(Montage courtesy of Sarah Steinbock-Pratt)
As a historian who began digging into records and documents about ordinary and extraordinary people some thirty years ago, I’ve long wanted to share the history of those people with a broader audience. Whether you are a historian or someone who just likes history, this blog was created with you in mind.
As the blog’s title, Renegade South, suggests, I study southern dissenters of the nineteenth century. Several kinds of renegades pass through the pages of my books and articles: Civil War Unionists and outlaws, multiracial people, unruly women, and political and religious nonconformists.
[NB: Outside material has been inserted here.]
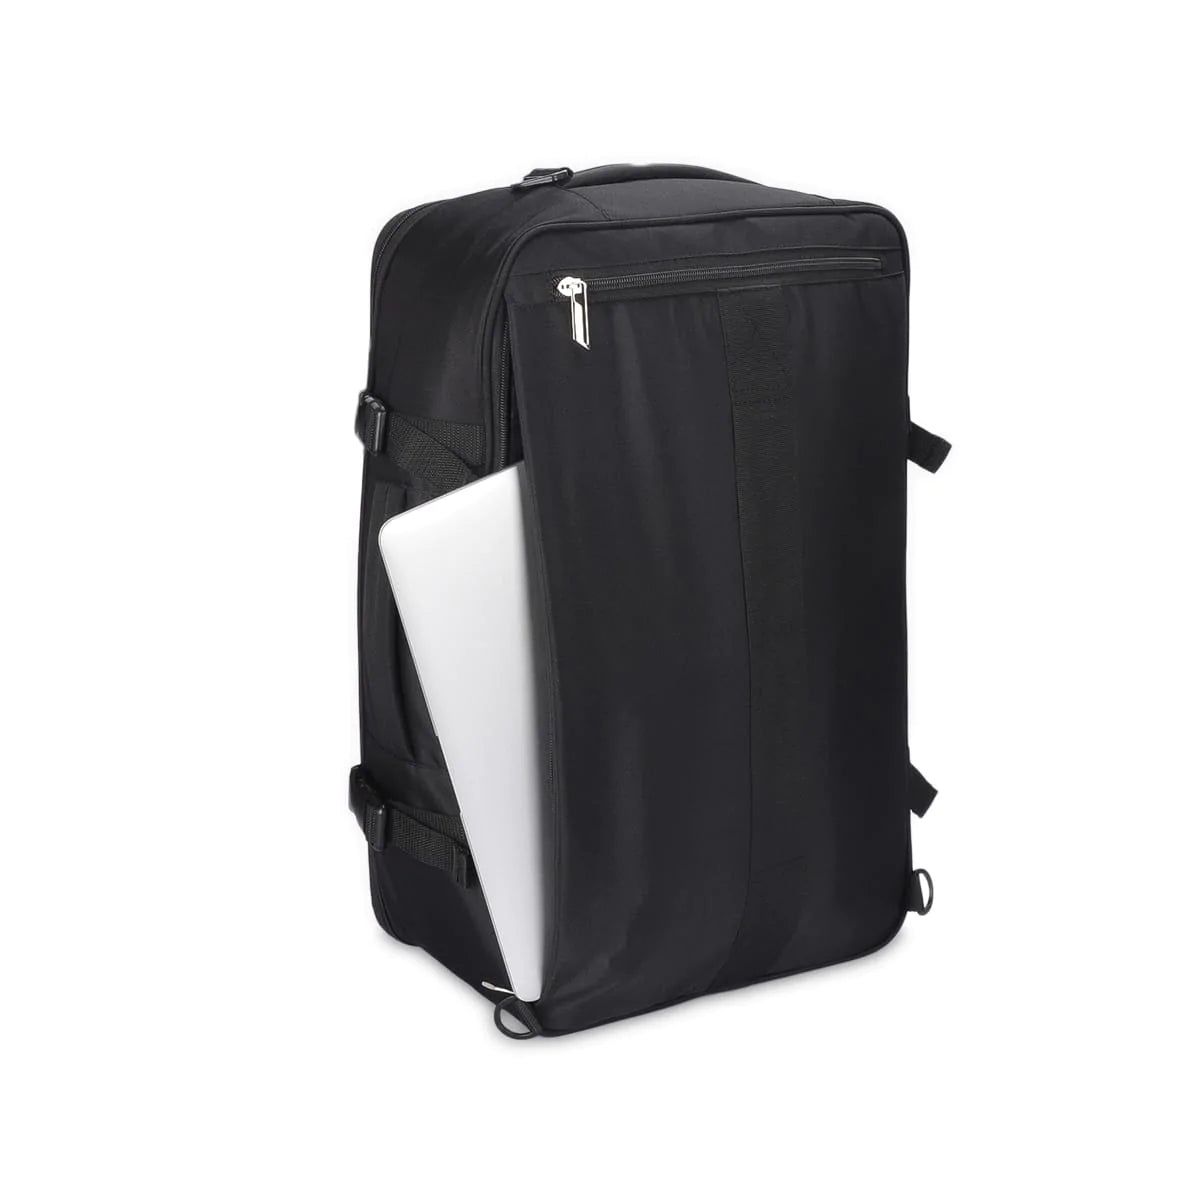 Black | Protecta Simple Equation Convertible Office Trave Laptop Backpack-5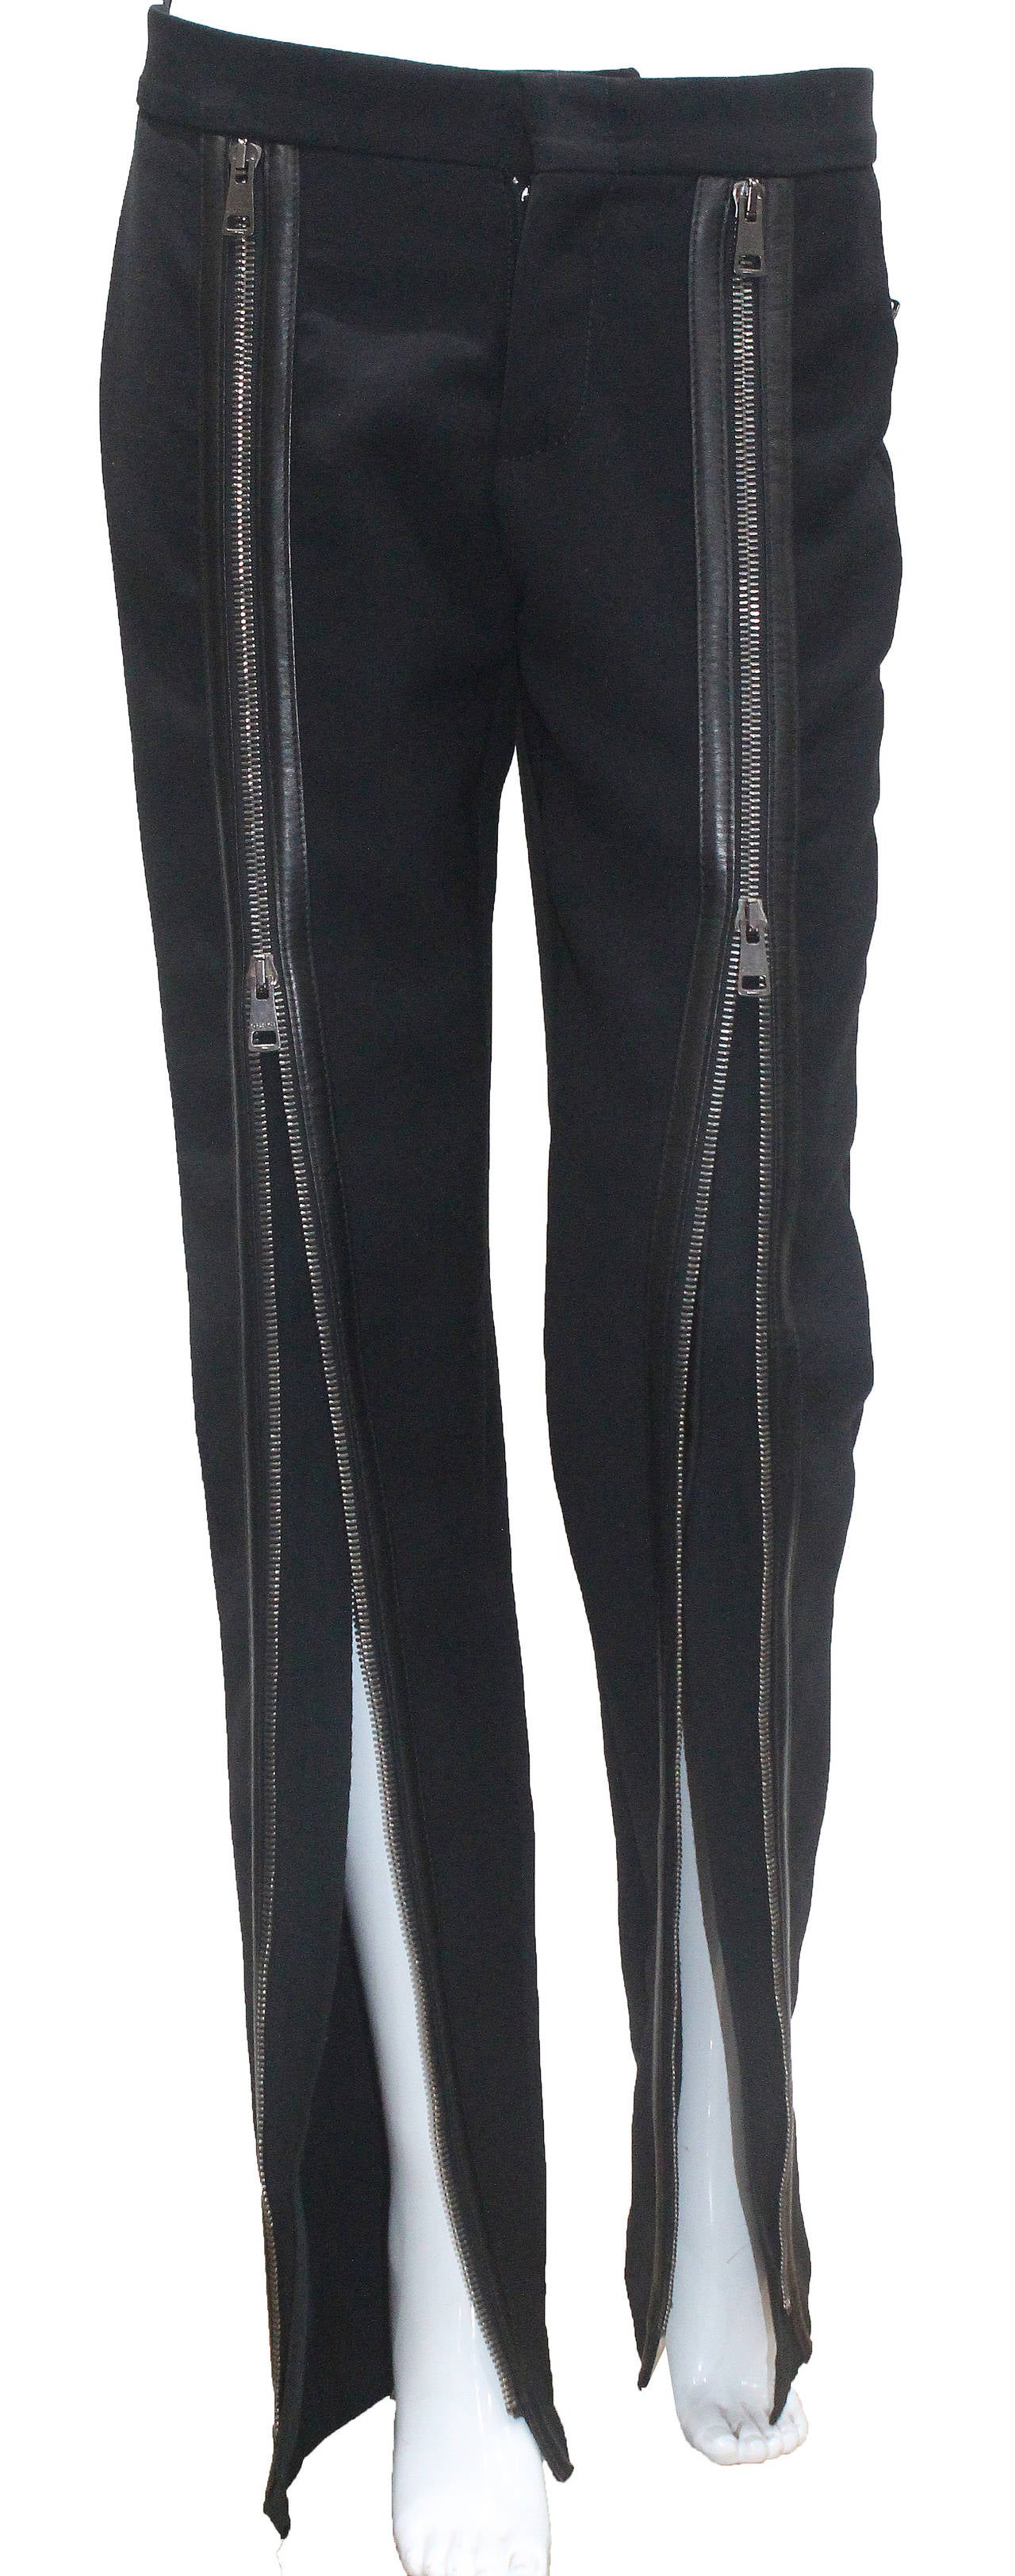 Black Iconic and rare Tom Ford for Gucci runway zipper leather pants c. 2001

My books, The Free State of Jones, Unruly Women, and The Long Shadow of the Civil War, highlight such folks in the Mississippi Piney Woods, North Carolina Piedmont, and the “Big Thicket” region of Hardin County, Texas.
It’s often hard to imagine that many white southerners opposed secession and served only grudgingly in the Confederate Army, if at all. Yet many did. Throughout the South, many put family, neighborhood, or religious and political beliefs ahead of secession. Many, in fact, hated the Confederacy with a passion, so much so that their backyards ran red with blood. Wherever they rose up, Confederates countered with deadly force. This sparked inner civil wars such as the one in Mississippi known as the Free State of Jones.
Many people who contact me have recently learned that a southern great-great-grandfather opposed or abandoned the Confederacy, or even joined the Union army. Others have found a long-departed relative in one of my books, and are intrigued by what they’ve read about his or her life. Others merely hope that readers of Renegade South can help them solve a family mystery, and often they can. Whatever the reason, I truly enjoy being a people’s historian, and I especially love the thrill of discovering—and then being in a position to share—that ordinary people at times do extraordinary things.
I hope those who enjoy Southern and Civil War history will also enjoy the essays on these pages. I also hope you’ll continue to contact me. The past is anything but dead, and is frequently invoked to justify present ideas and political actions. For these reasons as well, historical knowledge and perspectives should be shared and debated beyond school and college classrooms.